В р а ч. Так и должно быть.
Д и м и т р о в. Ваш коллега в Лейпциге был трусливым, но человечным.
В р а ч. Он уже не врач.
Д и м и т р о в. Вы — циник.
В р а ч. Хуже… Я, может быть, вообще не врач… И не забывайте, что вы находитесь в гестапо.
Входит А д е л ь. Молчание. Все трое встречаются взглядами.
А д е л ь. Вы заслужили свою судьбу, Димитров.
Затемнение.
Свет загорается в кабинете Гелера. А д е л ь медленно входит и садится в кресло, задумчиво склоняется над своими папками. П о л и ц е й с к и й с о ш р а м о м подсовывает конверт под дверь, стучит и исчезает.
А д е л ь. Войдите.
Никто не входит.
Войдите! (Подходит к двери, видит конверт, берет его, выглядывает в коридор, никого нет. Возвращается, разрывает конверт, читает.)
Г о л о с Т р а у б е. «Милая фрейлейн Адель! Извини, дорогая Адель, что я назвал тебя «фрейлейн». Это, наверно, потому, что ты теперь от меня далеко — нас разделяет целая жизнь. Когда будешь читать эти строки, которые, быть может, для тебя не имеют никакого значения, наивного Петера Траубе не будет на этом свете. Я предал Германию. Время сейчас такое, что суда не будет. Одним словом, дело в следующем: машину, в которой заключенных перевозили из Лейпцига в Берлин, я должен был в определенном месте пустить в пропасть.

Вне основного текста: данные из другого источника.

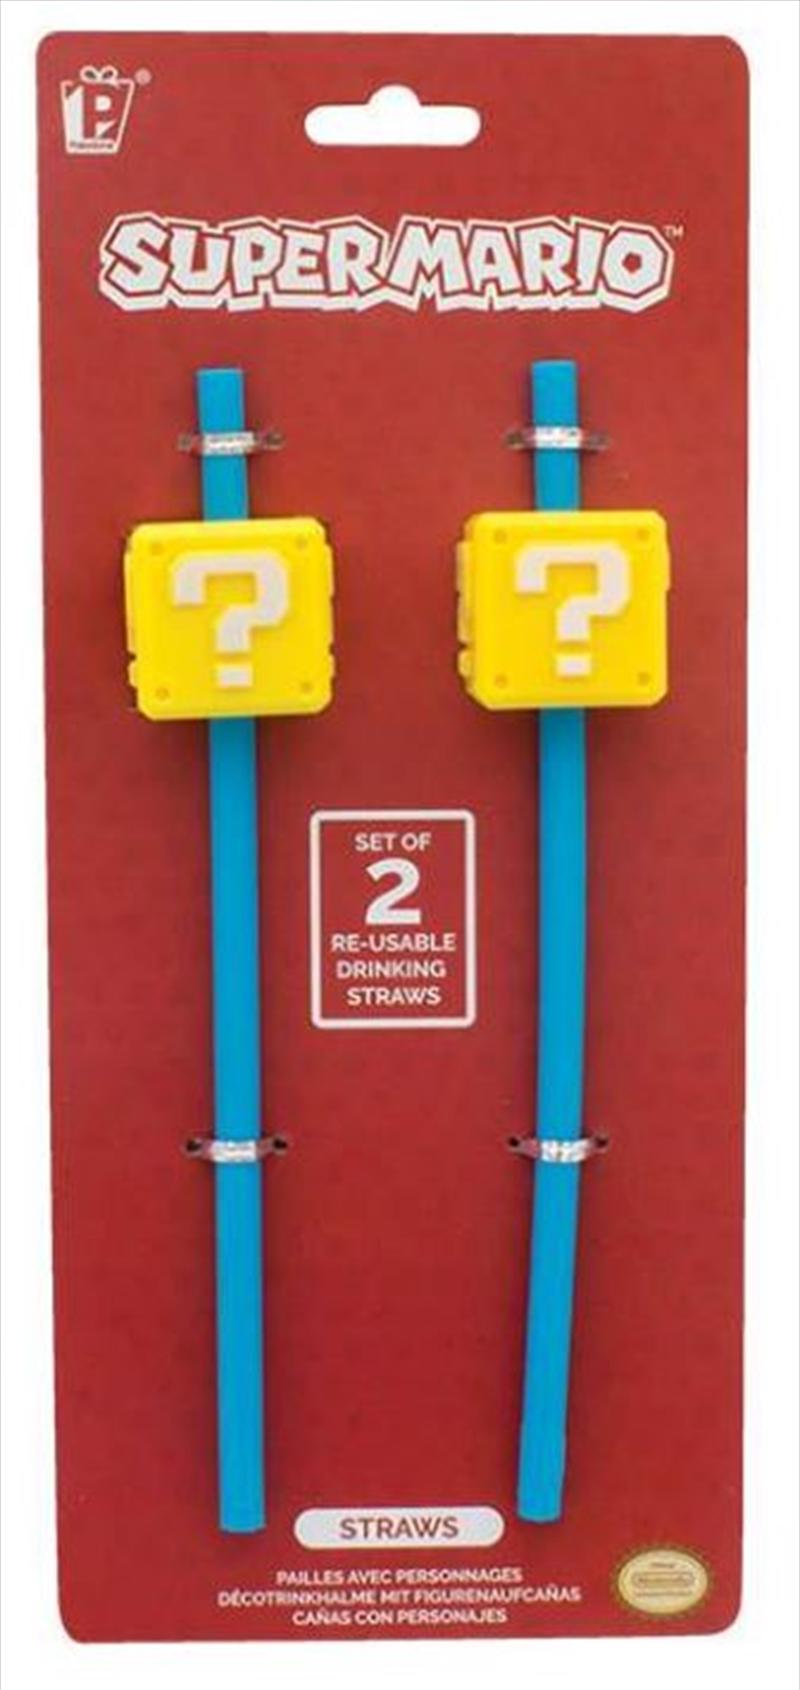 Super Mario Straws | Homewares
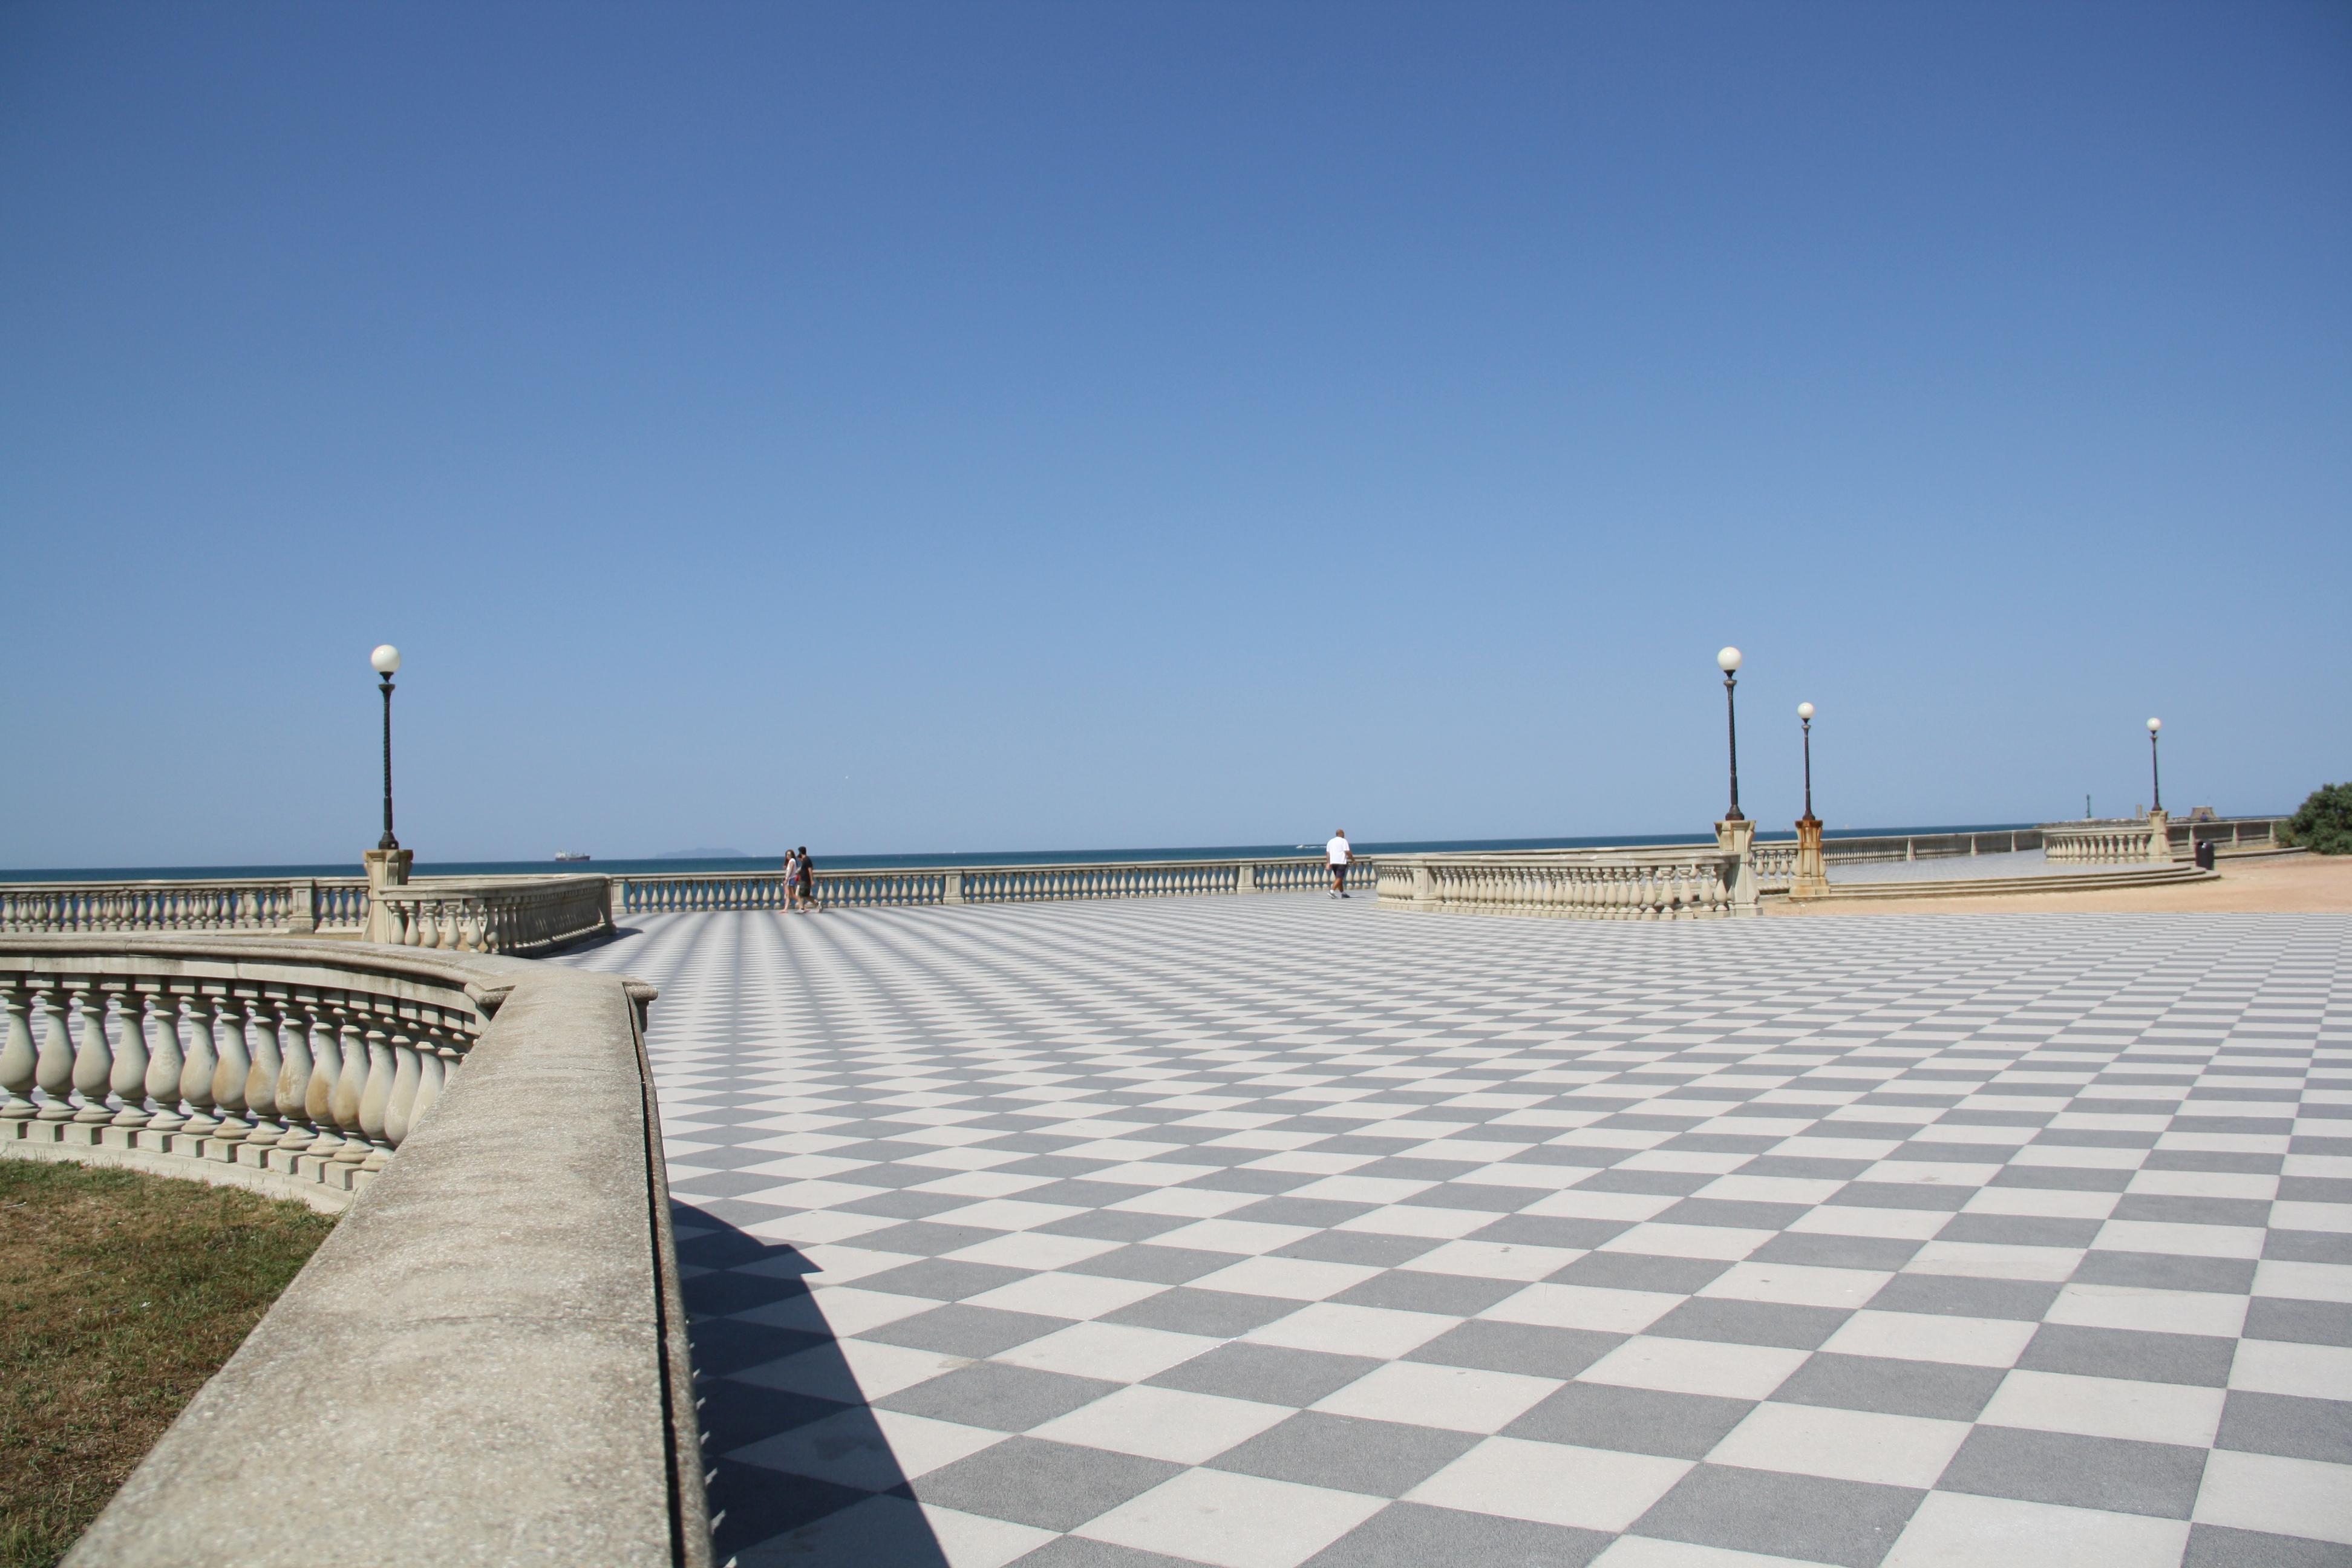 File:Livorno Terrazza Mascagni 11 @chesi.JPG - Wikimedia Commons

Так было задумано господином Гелером. Я этого не сделал. И быть может, не только потому, что рядом со мной сидела ты… В конце концов, человек должен жертвовать своей любовью во имя родины… Я уверен, что в те секунды, пока машина летела бы вниз, ты не упрекнула бы меня, потому что так повелела Германия, а ты любишь Германию, любишь ее больше всего на свете. Склоняю голову перед твоей большой любовью и жду пулю. Времени больше нет, прощай!.. Петер».